As the result of this determination, the connection location of the unauthorized device 20 has not been identified, and in S111, the location identification processing unit 13 terminates the location identification processing with the location identification incomplete. Then, in S112, the location identification processing unit 13 displays the connection port P1 of the SW6 from which information is acquired last, as the approximate connection location of the unauthorized device 20, on a display or the like using the input-output unit 15. The result of the location identification processing according to the second embodiment is shown in row No. 2 in FIG. 7, where the “Location” column displays “AA” indicating the unauthorized device 20, “-SW6” indicating SW6 to which the unauthorized device 20 is assumed to be connected, “:Port1” indicating the connection port P1 to which the unauthorized device 20 is assumed to be connected, and finally “(Found Approximately)” indicating that this is the approximate connection location. This indication allows the administrator to ascertain that the location identification has not been completed and the approximate connection location of the unauthorized device 20.
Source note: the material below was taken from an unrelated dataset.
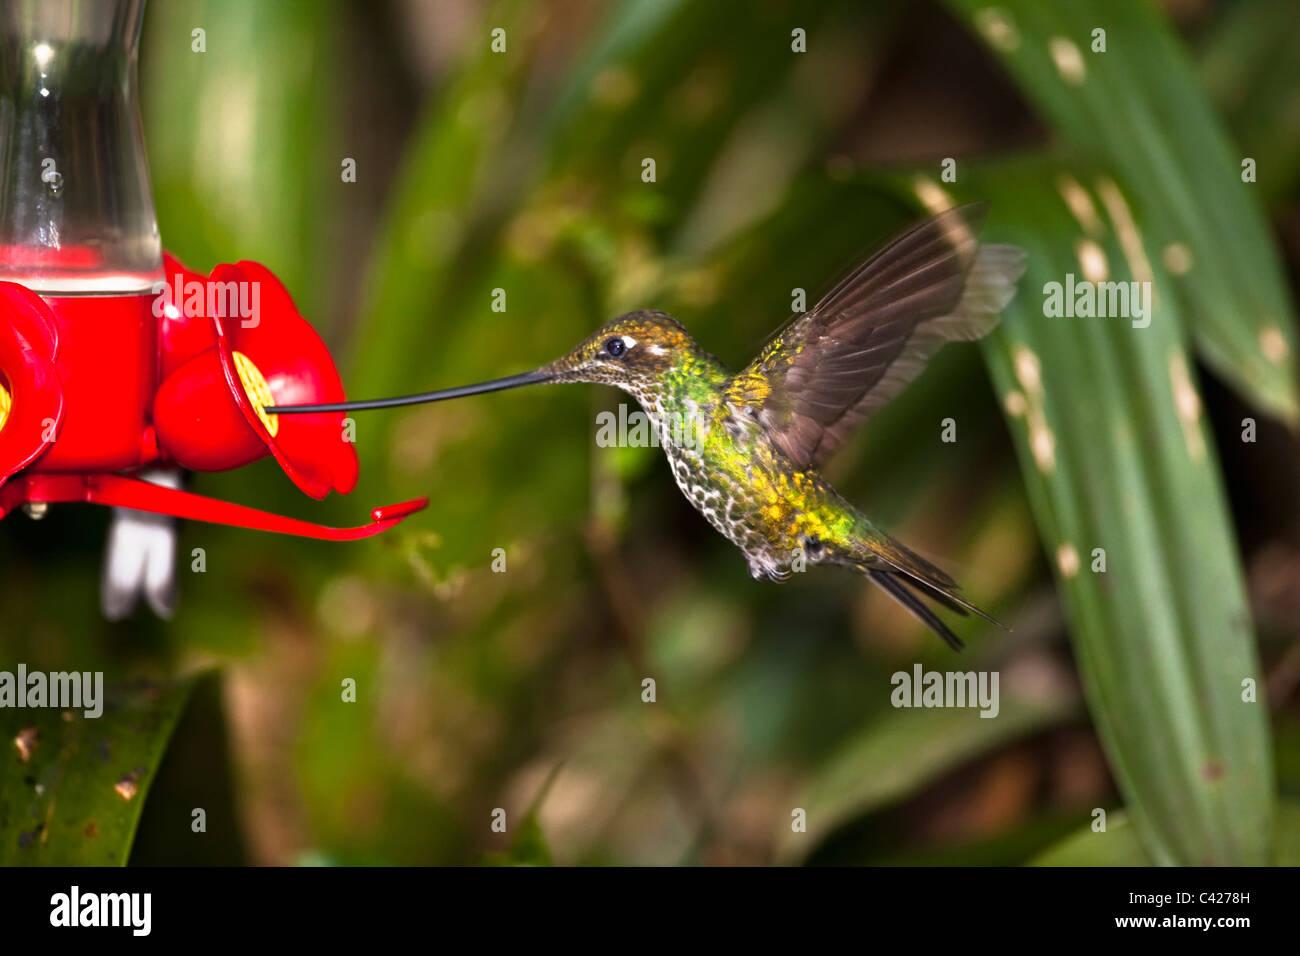 Sword-billed hummingbird ( Ensifera Ensifera ) at feeder - Stock Image

Note that in the second embodiment, the case where the device is connected to the non-intelligent SW has been described, but there may also be a case where the non-intelligent SW exists between the location identification apparatus 10 and the SW to which the device is connected. In this case, the location identification apparatus 10 cannot ascertain the presence of the non-intelligent SW therebetween, but can receive the response from the SW to which the device is connected. Therefore, it is possible to identify the connection location of the device by executing location identification processing similar to that in the first embodiment.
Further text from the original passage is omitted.